1b. The patient shall be referred back to the physician for periodical examinations.
2b. [re: Announcements:] A statement that the work is medically supervised should appear in the announcement.4
... and so on. Both literally and figuratively, the physical therapist promised to stand up when the physician came into the room. And look cheerful. All the time.
That now seems so, well, "retro!" But let's look closely at what was happening. Notice that the patient is not the explicit focus of these statements. The items in this code, sown like apple seeds across the lord's landscape, is about the physical therapists' relationship to physicians! That bold, bright generation of physical therapists, all women, declared, "We're here! And this is what you can expect from us." Furthermore, as codes have as their function to be public statements, they were also saying, "The land we are working is society's soilit doesn't belong to you physicians!" As Carl Rodgers would say, we had "individuated!"

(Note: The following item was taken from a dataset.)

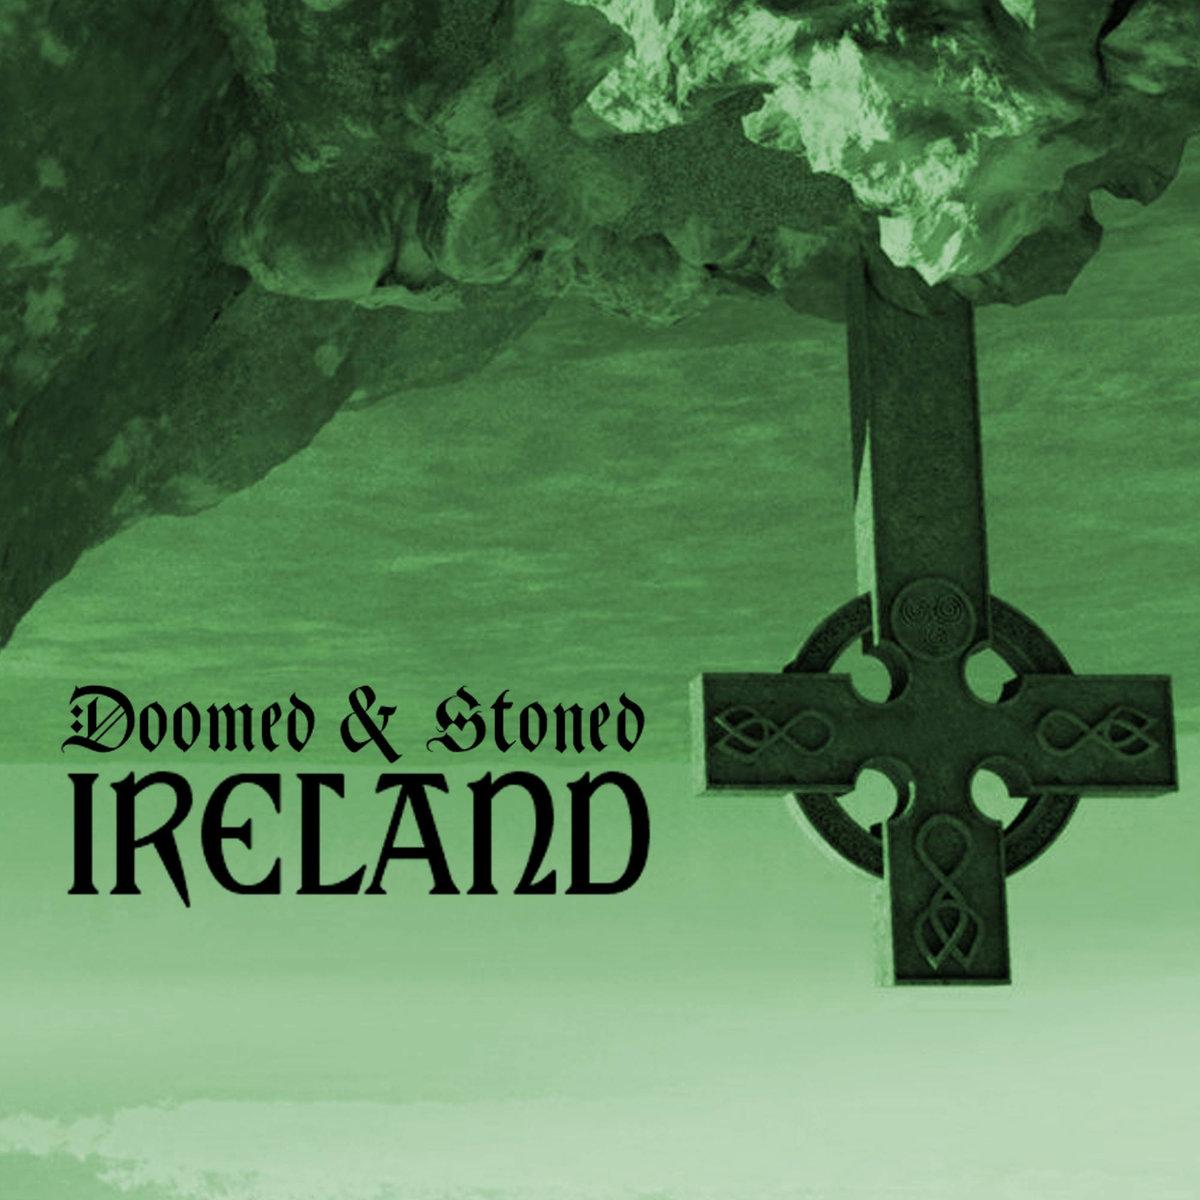 Vyšla kompilace Doomed and Stoned in Ireland, streamujte nebo stahujte zdarma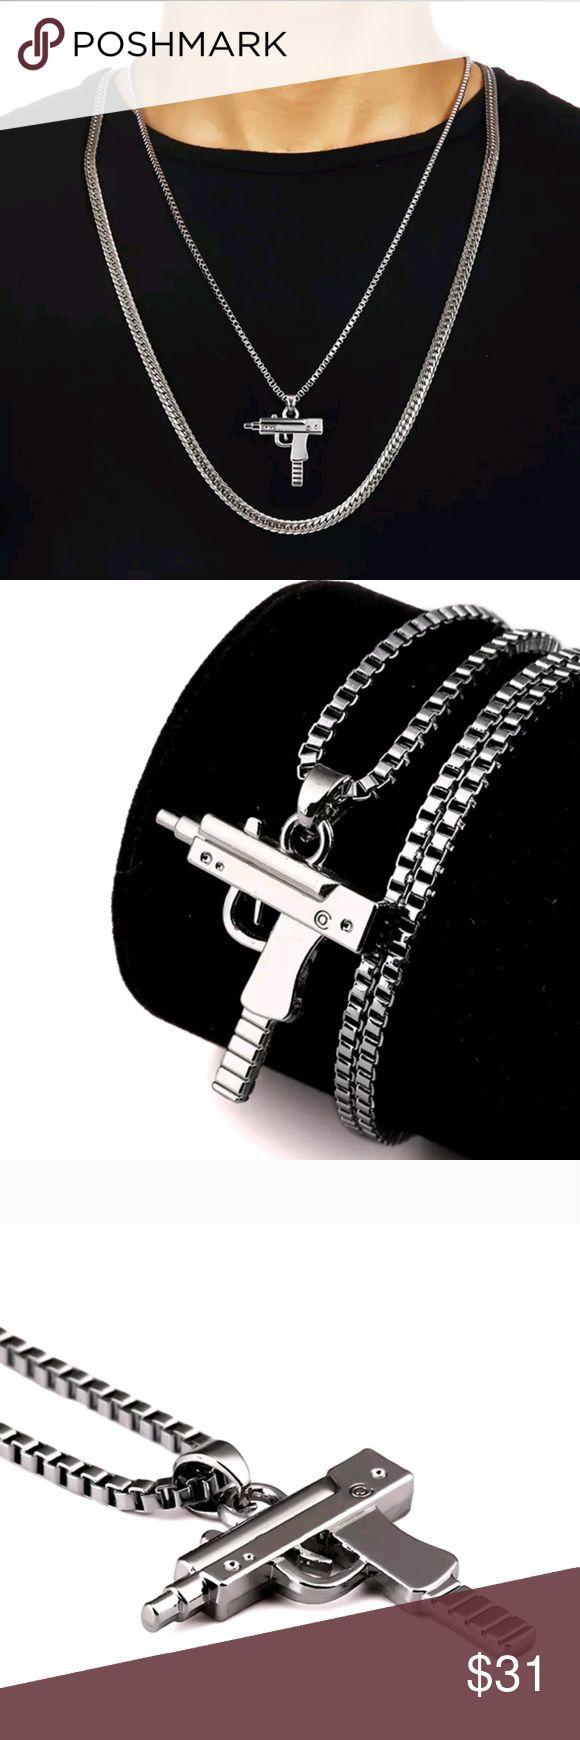 SILVER Supreme Brand Uzi Necklace/Chain Top notch shit Supreme Accessories Jewelry

I submit that their timing was perfect. These therapists had read, correctly, a shifting social landscape that was enduring a worldwide depression and would, a few short years later, feel the corrosive effects of a world war and the challenges of social reconstruction following it, as well as face the global ravages of the polio epidemic. Indeed, the entire social terrain of the western world would force physicians down from the mountaintops to labor shoulder to shoulder with nurses and whoever else would share the crushing burden of health care in these extreme circumstances. They found physical therapists ready. Because physical therapy had planted a professional ethical identity, however new and fragile and however constrained its arena of accountability may seem today, its members were positioned to move from serfdom to strong moral partnership.
Sociologists5 tell us that in this period the health care team was born, and we were positioned to help provide comprehensive coordinated care for a population of patients that could benefit more from a team's services than anything we might have offered on our own. Over the next quarter of a century, our heightened professional standing in the health professions would spring not only from an increasing area of expertise, but also from our place at the negotiating tables of policy, because through our code and team activities we were present and proved we could be morally accountable for the success (or lack of success) of our specific contributions on the health care team.6 Thanks to those awesome women in 1935, we were able to take the first steps toward whom we could become. They helped us heed the words inscribed on the ancient Delphic oracle: "KNOW THYSELF" (before taking on the rest of society)!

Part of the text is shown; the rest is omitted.